I am using OpenCV with CUDA backend for video processing.

When I run the script using the model the inference is very slow. Please suggest me how can I improve the performance and run it smoothly on Jetson Nano.

Hi,

First, please make sure you have maximized the device performance:

$ sudo nvpmodel -m 0
$ sudo jetson_clocks

Do you also use OpenCV for DNN inferencing?
If yes, it’s recommended to use TensorRT instead.

For example, below is the command for MNIST model benchmarking.
You can check the performance before the switching.

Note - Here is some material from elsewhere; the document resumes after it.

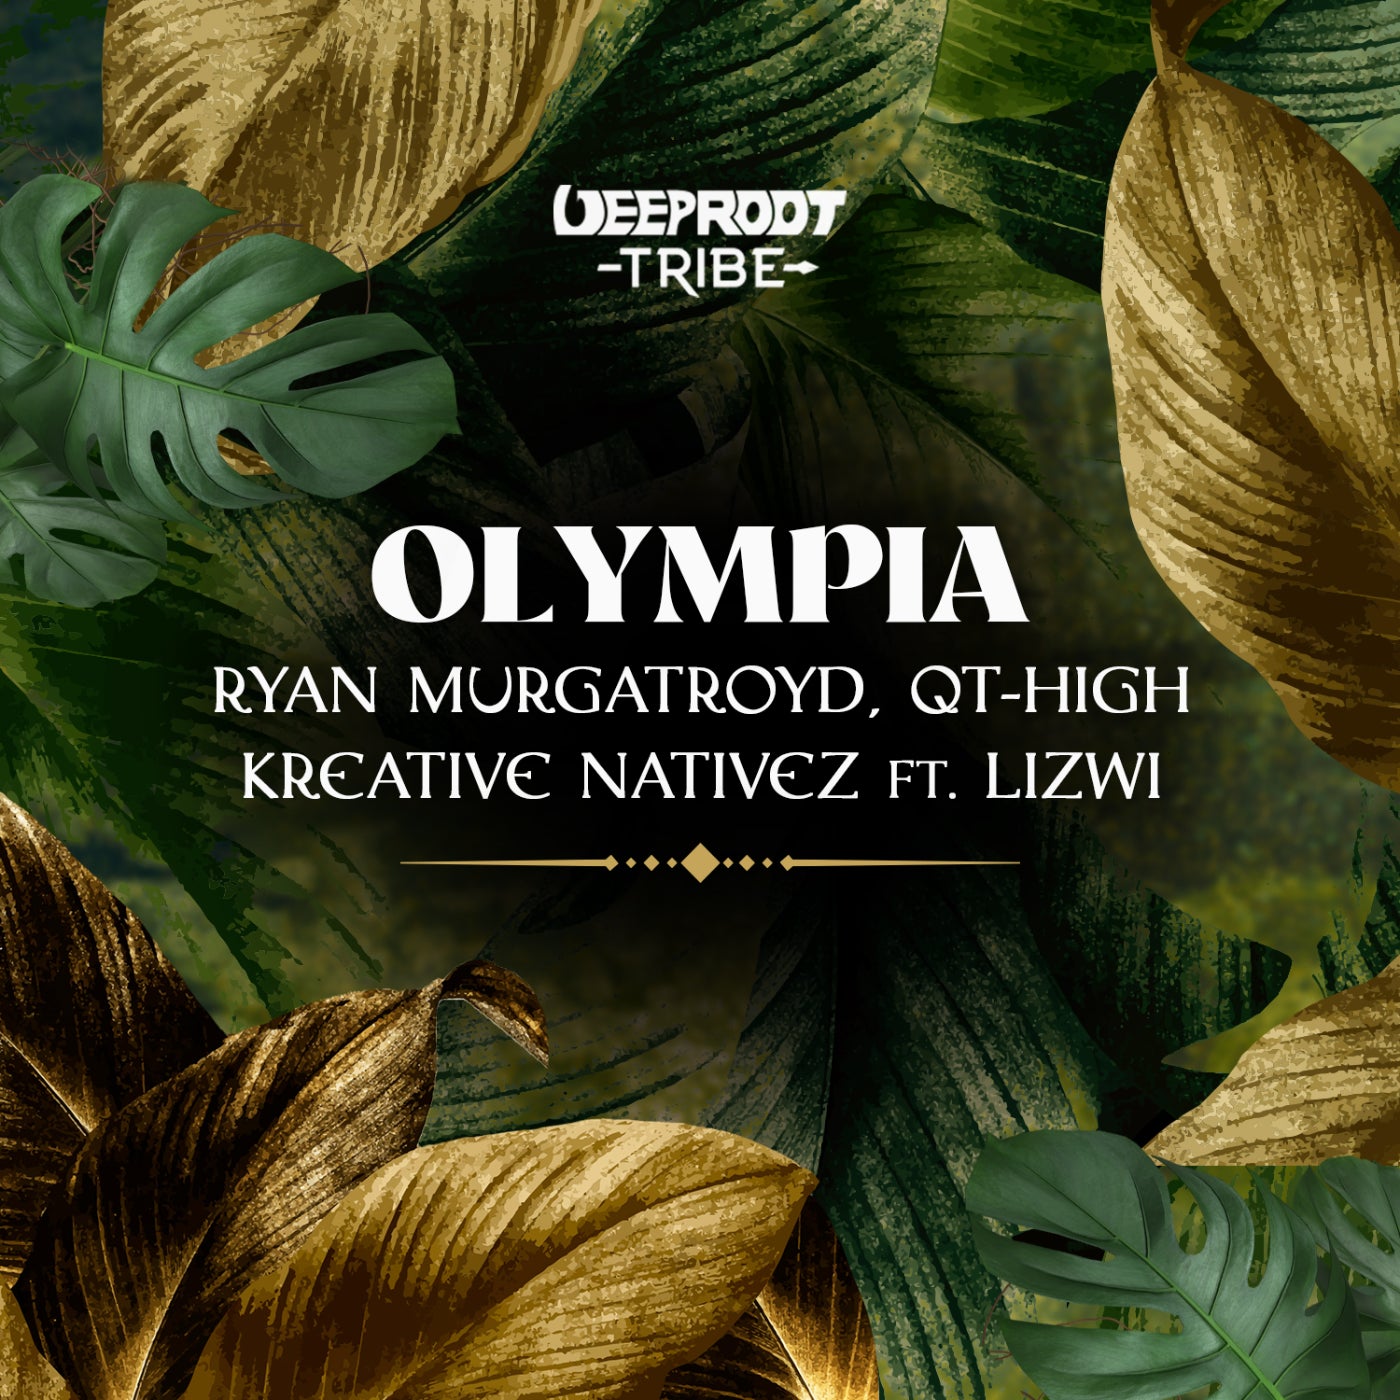 Ryan Murgatroyd, Lizwi, Kreative Nativez, QT-HIGH - Olympia (ft. Lizwi) - Extended Mix on Deep Root Tribe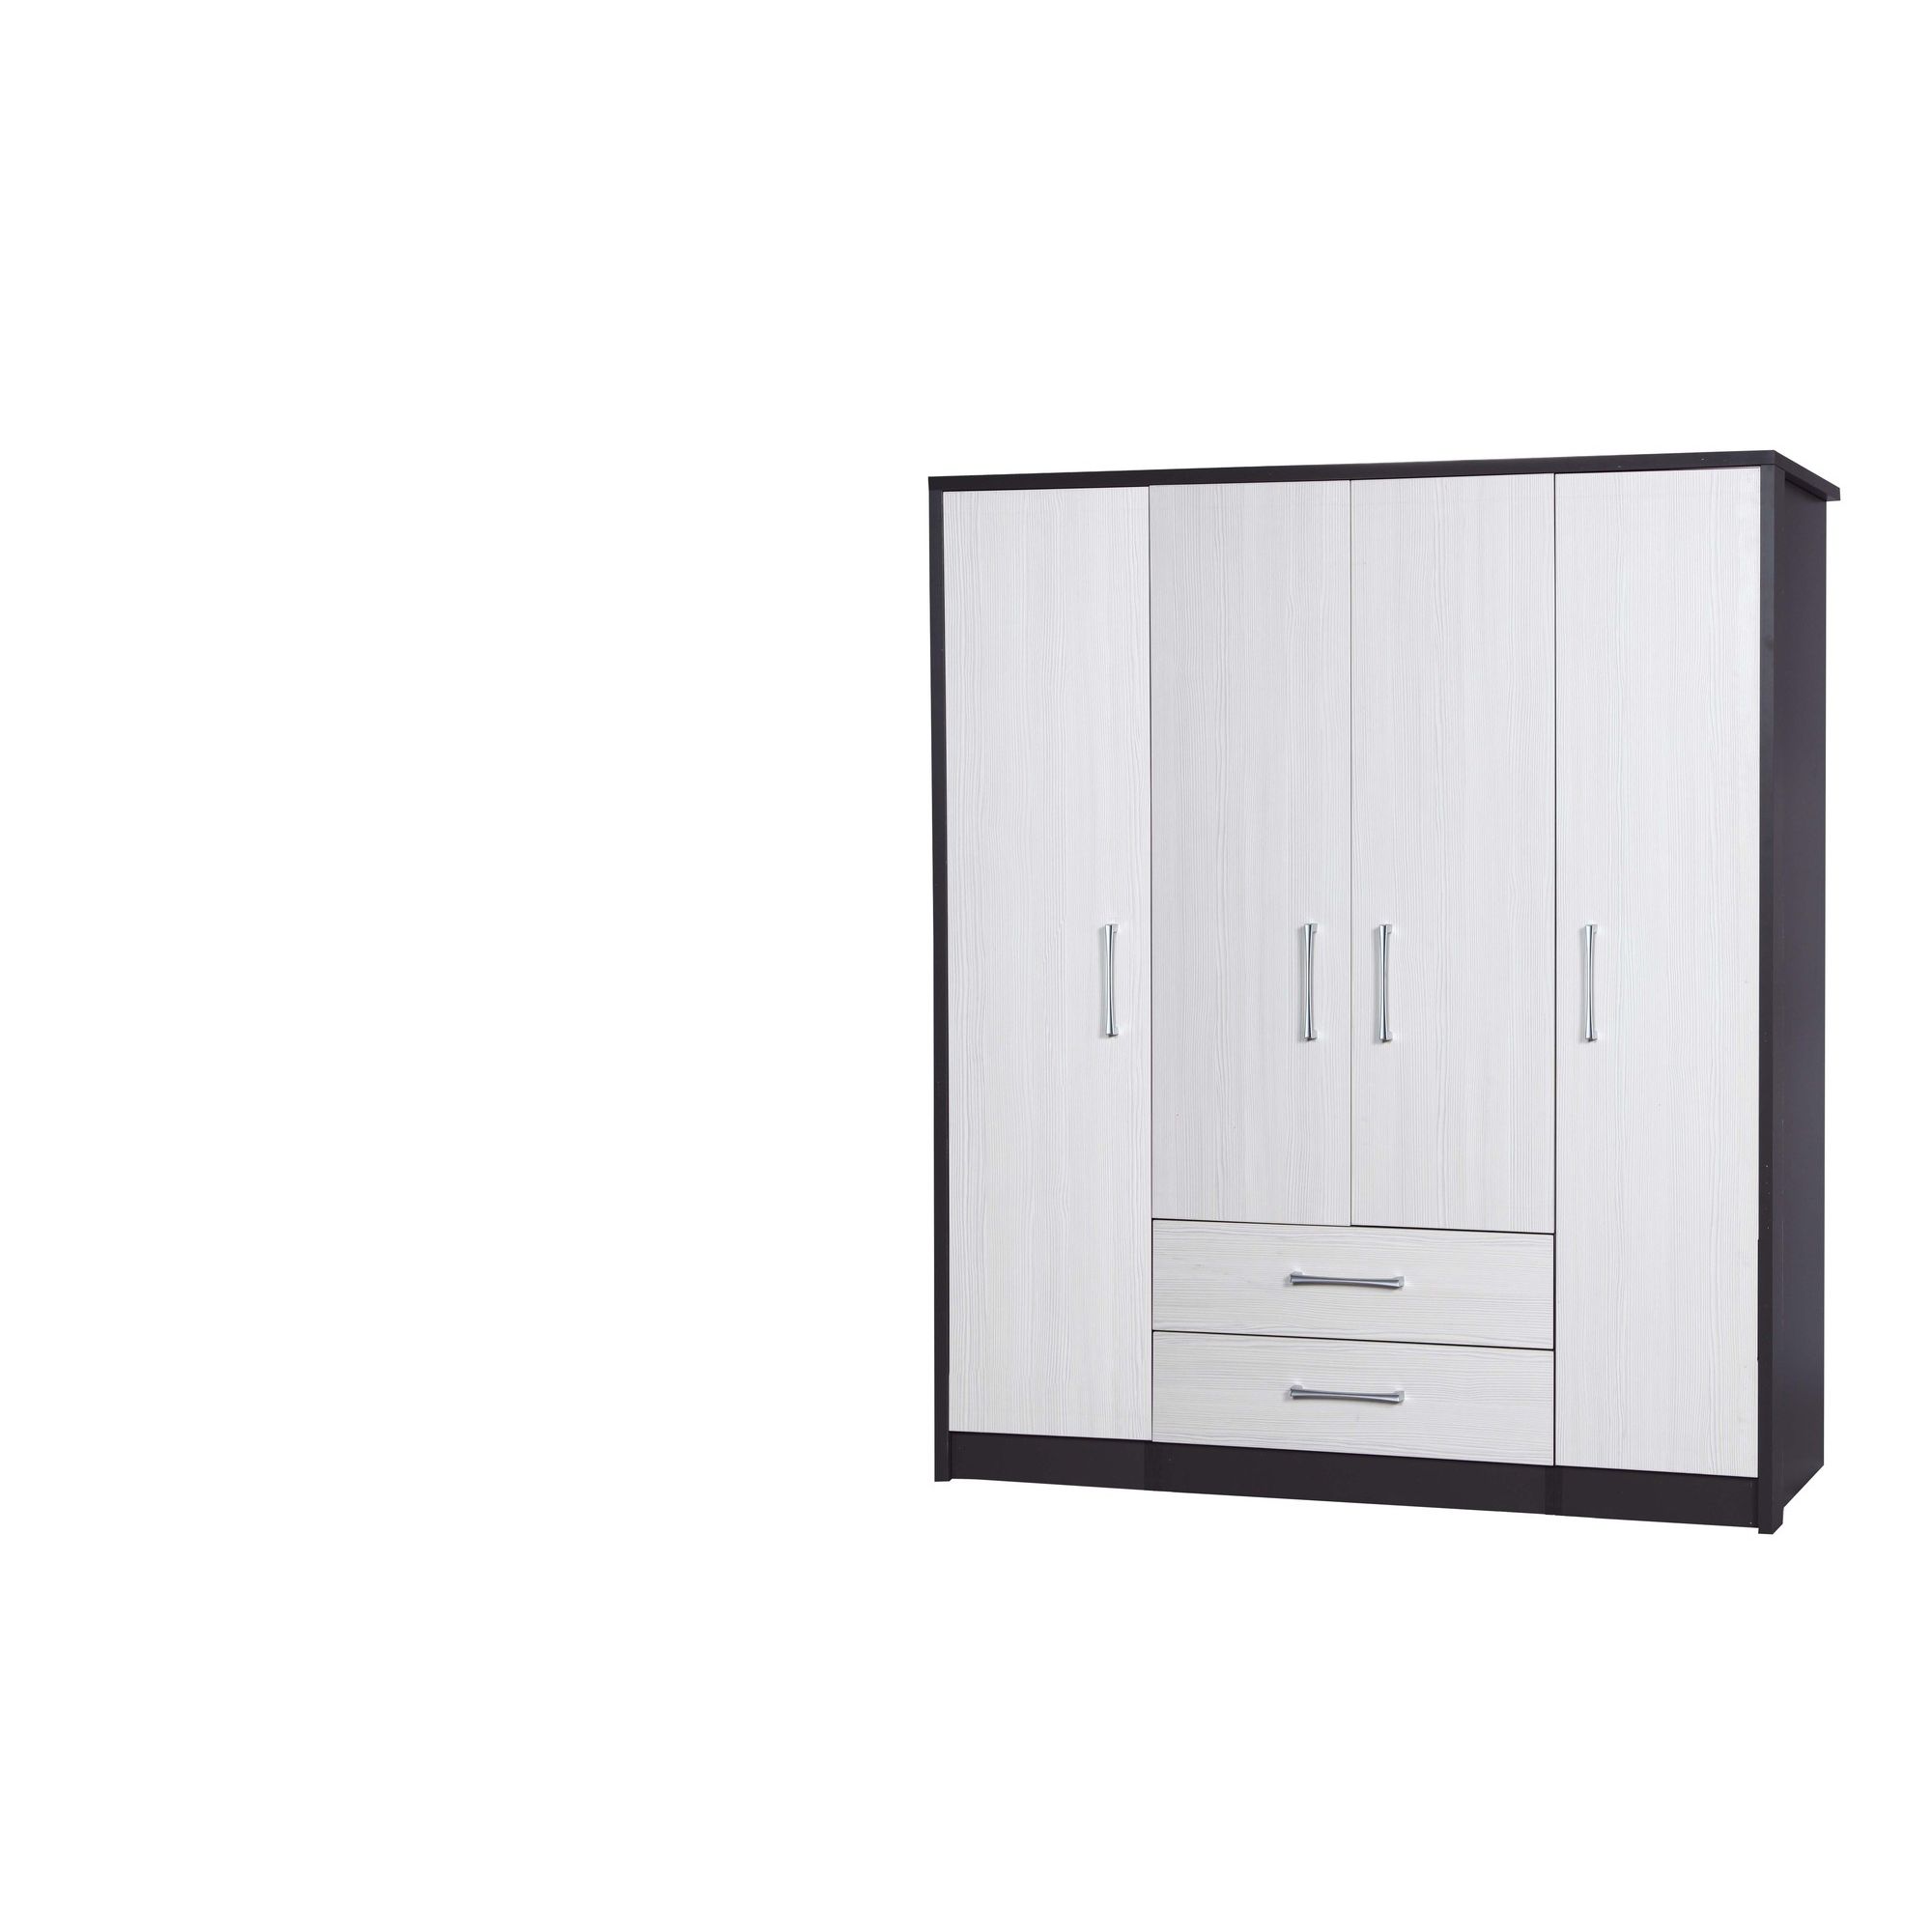 Alto Furniture Avola 4 Door Combi and Singles Wardrobe - Grey Carcass With White Avola at Tesco Direct

$ /usr/src/tensorrt/bin/trtexec --deploy=/usr/src/tensorrt/data/mnist/mnist.prototxt --model=/usr/src/tensorrt/data/mnist/mnist.caffemodel --output=prob
$ /usr/src/tensorrt/bin/trtexec --deploy=/usr/src/tensorrt/data/mnist/mnist.prototxt --model=/usr/src/tensorrt/data/mnist/mnist.caffemodel --output=prob --fp16 

Thanks.

Hi @AastaLLL
Thanks for the quick reply.
I have tried the following command:

/usr/src/tensorrt/bin/trtexec --deploy=/home/hp/Documents/model/MobileNetSSD_deploy.prototxt.txt --model=/home/hp/Documents/model/MobileNetSSD_deploy.caffemodel --output=prob

But I am getting the following error:
Caffe Parser: Invalid axis in softmax layer - TensorRT expects NCHW input. Negative axis is not supported in TensorRT, please use positive axis indexing
error parsing layer type Softmax index 116

I am using the following files:

MobileNetSSD_deploy.caffemodel (22.1 MB)
MobileNetSSD_deploy.prototxt.txt (28.7 KB)

@AastaLLL @Morganh please help.

Thanks.

Hi,

We check your issue on a JetPack 4.6 environment.

The error is caused by the non-supported Flatten layer.
To workaround this, you can rewrite the Flatten layer with a Reshape layer at the same axis.

For example:

--- a/MobileNetSSD_deploy.prototxt.txt
+++ b/MobileNetSSD_deploy.prototxt.txt
@@ -1183,11 +1183,16 @@ layer {
 }
 layer {
   name: "conv11_mbox_loc_flat"
-  type: "Flatten"
+  type: "Reshape"
   bottom: "conv11_mbox_loc_perm"
   top: "conv11_mbox_loc_flat"
-  flatten_param {
-    axis: 1
+  reshape_param {
+    shape {
+      dim: 0
+      dim: -1
+      dim: 1
+      dim: 1
+    }
   }
 }
 layer {

After this update, we can run your model with following command successfully.

$ /usr/src/tensorrt/bin/trtexec --deploy=MobileNetSSD_deploy.prototxt.txt --model=MobileNetSSD_deploy.caffemodel --output=detection_out --output=keep_count

Attached the modified prototxt file for your reference: MobileNetSSD_deploy.prototxt.txt (29.4 KB)

Thanks.